Polemizując z polskim stanowiskiem, według którego Polska przejęła znalezione na swoim terytorium dzieła sztuki, do czego była uprawniona decyzjami konferencji poczdamskiej, Urban podkreśla, że - zgodnie z niemieckim punktem widzenia - Dolny Śląsk nie był w 1945 roku polskim terytorium państwowym, lecz znajdował się raczej zgodnie z "poczdamskim protokołem" "pod polską administracją". Dodaje, że mocarstwa zachodnie traktowały sprawę granic w ten sam sposób. Strona niemiecka powołuje się ponadto na haską konwencję z 1907 roku, zabraniającą traktowania dóbr kultury jako reparacji (odszkodowań wojennych).
Zdaniem Urbana najmocniejszym niemieckim argumentem jest uznanie przez Republikę Federalną utraty (niemieckich) ziem wschodnich, ze wszystkimi znajdującymi się na nich obiektami - muzeami, bibliotekami, pałacami, kościołami i klasztorami oraz potraktowanie ich jako reparacji za polskie straty wojenne.

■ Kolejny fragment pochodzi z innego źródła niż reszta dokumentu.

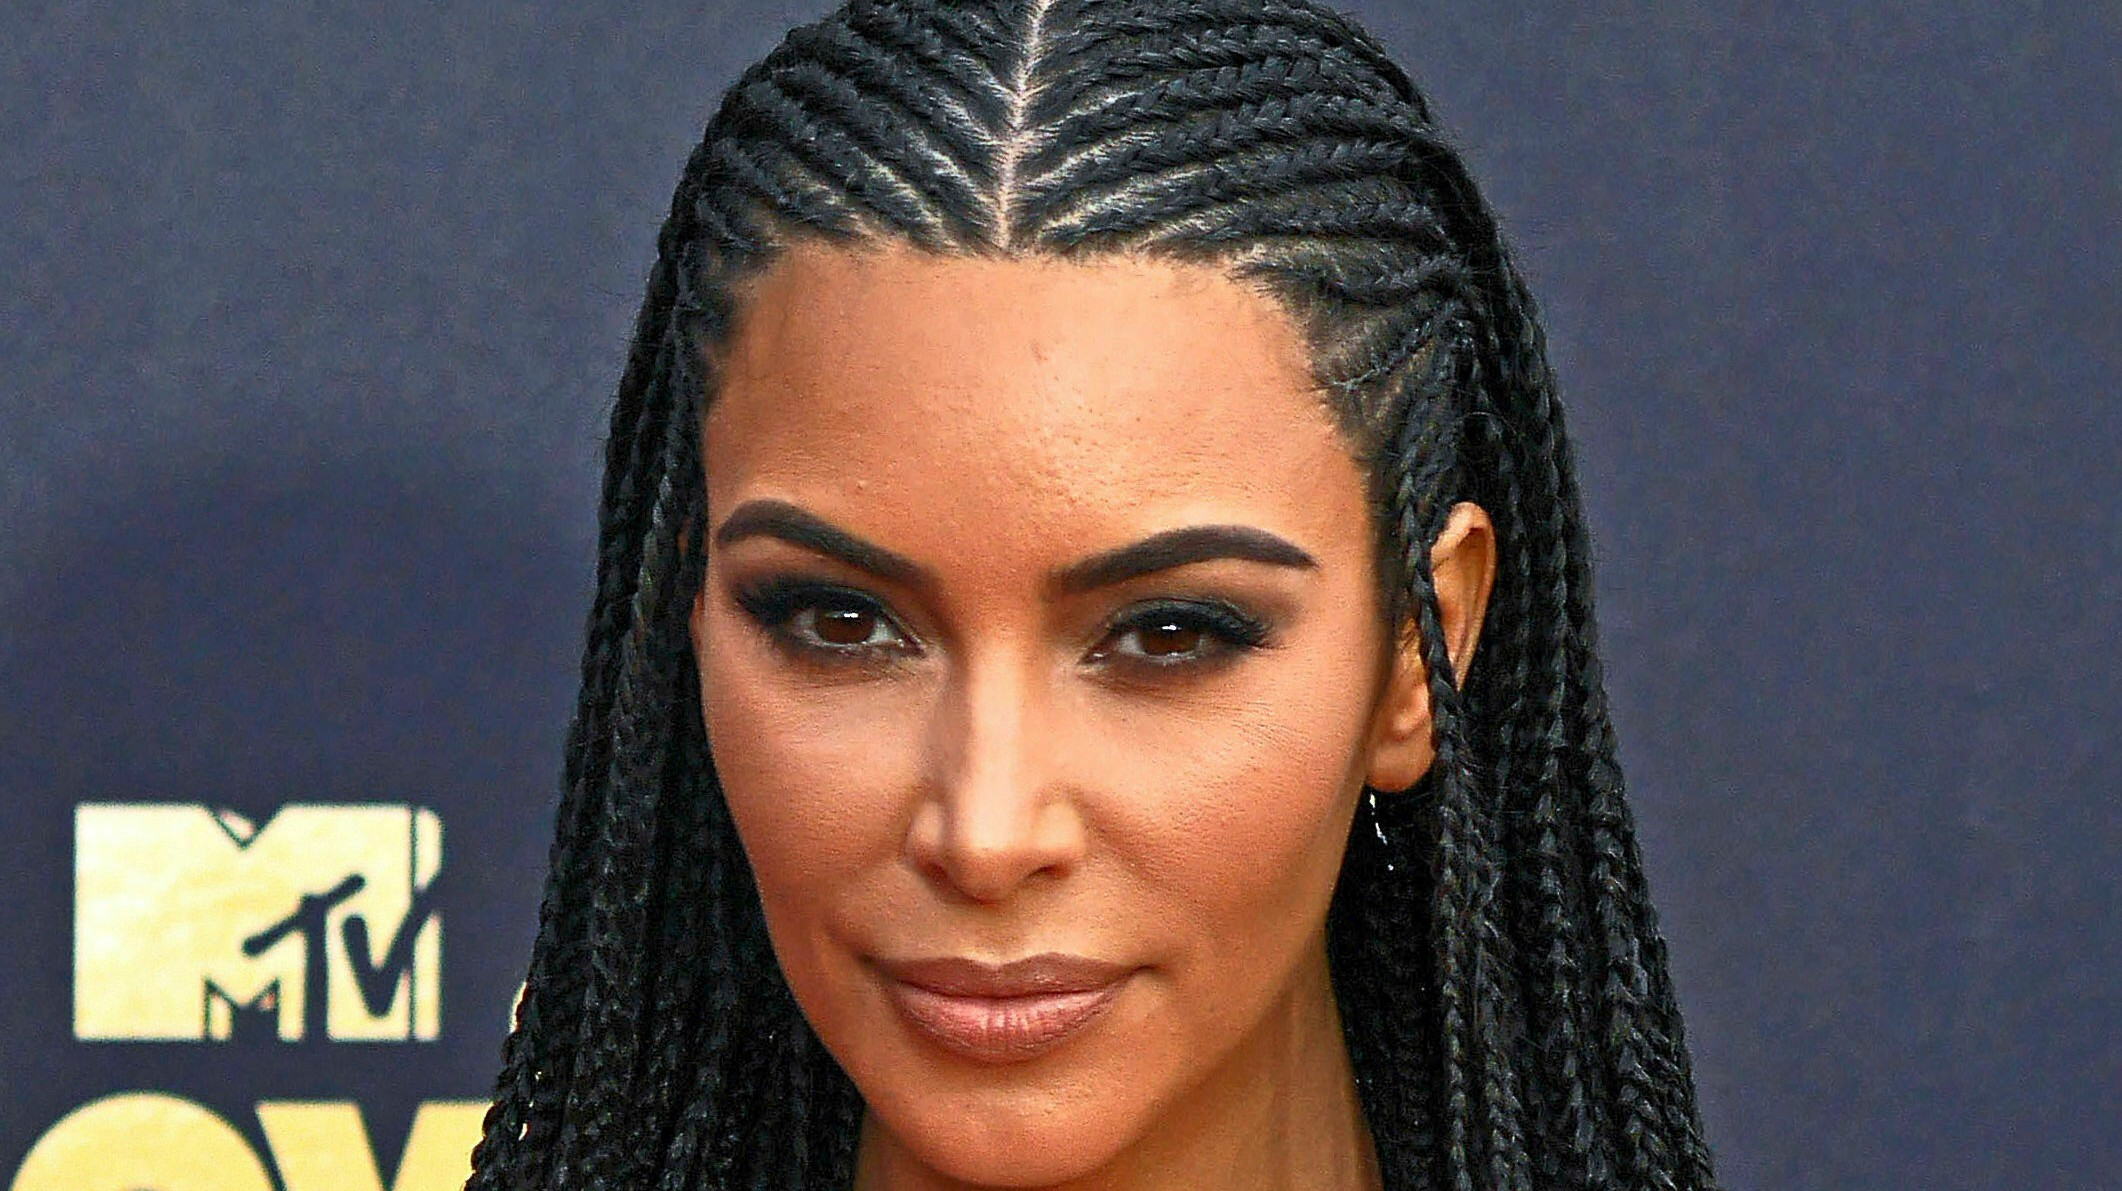 Kim Kardashian's Underwear Line Just Pissed Off All of Japan

Ostatnie wypowiedzi niemieckiego negocjatora Tono Eitela nie są, "wbrew temu, co twierdzą warszawskie media, wyrazem nastawionej na konfrontację nowej polityki Niemiec wobec Polski"- ocenia Urban. Faktem jest natomiast jego zdaniem to, że "narodowokonserwatywne kierownictwo" braci Kaczyńskich zerwało dwa lata temu negocjacje w sprawie restytucji dóbr kultury. Wobec "zawirowań" nad Wisłą w Berlinie nikt nie oczekuje nowych inicjatyw po stronie polskiej - uważa dziennikarz.
"W niemieckim ministerstwie spraw zagranicznych panują raczej obawy, że spór stanie się tematem walki przedwyborczej. Na takim sporze skorzystałby jedynie narodowopatriotyczny obóz w Polsce" - stwierdził w konkluzji Urban.